But some good did come of it. Dogwood’s 2006 complaint had a big role in making sure all party donations are now available online in a searchable database: the Financial Reports and Political Contributions System.

Now with public pressure mounting, the BC Liberals have introduced legislation that would mandate “real time” disclosure of donations (instead of the current once-a-year disclosure). But their supposed efforts to increase transparency are too little, too late.

A Fistful of Dollars

Transparency alone wasn’t enough to rein in the sleaze in 2006, nor will it be in 2017. The reason British Columbia remains the Wild West is because the underlying rules are outdated or non-existent. While many provinces — and the federal government — have brought in tough new reforms, British Columbia laws have stagnated.

With lax enforcement of what few rules there are, the sleaze scale has increased dramatically: Last year donations over $100 accounted for $11.7 million of the BC Liberal party’s $12.15 million total. That included $1.7 million from just 11 top donors in 2016.

Right now in B.C. the picture is clear: it’s powerful corporations, lobbyists and high net worth individuals who are running the show.

But to double down on a cliché, there might be a new sheriff in town.

High Noon

This month Kathy Tomlinson reported in the Globe & Mail that a number of lobbyists made individual donations to the BC Liberals, then took reimbursements from corporations. That would break one of the few laws we do have, designed to stop people from concealing the true source of donations.

Lobbyists like Mark Jiles (whose clients include the B.C. Salmon Farmers’ Association) and Byng Giraud, (a lobbyist for Woodfibre LNG, an Indonesian firm hoping to build a gas plant near Squamish) admitted they paid for tables at fundraisers on personal credit cards, then billed the same amount back to clients.

That may just be the tip of the iceberg. Watchdog group Integrity BC has identified 727 suspicious donations to the BC Liberals, totalling more than $1.5 million. Those files have now been handed to the RCMP, which is taking over the investigation from Elections BC.

Dogwood has asked police to investigate donations by Kinder Morgan Canada president Ian Anderson, as well as six other lobbyists and staff connected to the controversial Trans Mountain expansion.
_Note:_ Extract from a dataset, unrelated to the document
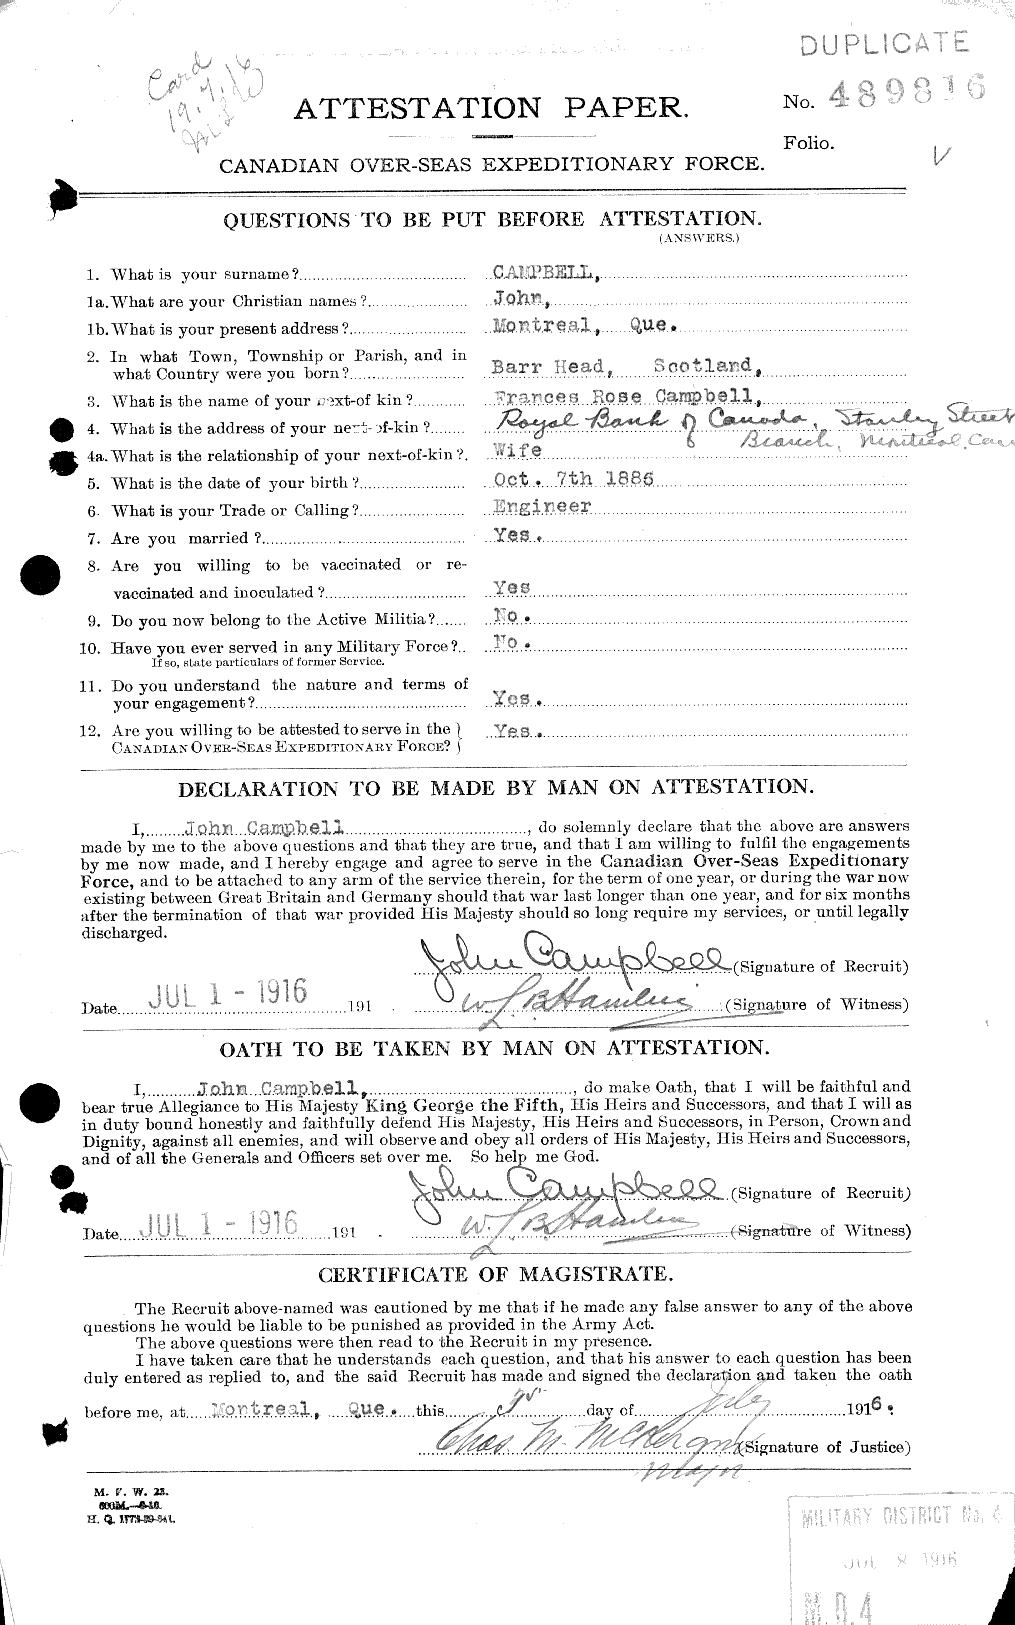 Dossiers du Personnel de la Première Guerre mondiale - CEC 006838a

There are also allegations of irregularities related to $150,203 that accounting firm KPMG donated to the BC Liberals between 2005 to 2010. David McShane and Eric Watt are named in the Elections B.C. database as the KPMG executives who signed the cheques. But McShane died in 2004.

Watt, who acted as Premier Christy Clark’s financial agent in her 2011 leadership campaign, retired from KPMG in 2012. In 2014 the BC Liberal cabinet named him to the Knowledge Network board. KPMG also billed the provincial government $2,692,289 through April last year for accounting services.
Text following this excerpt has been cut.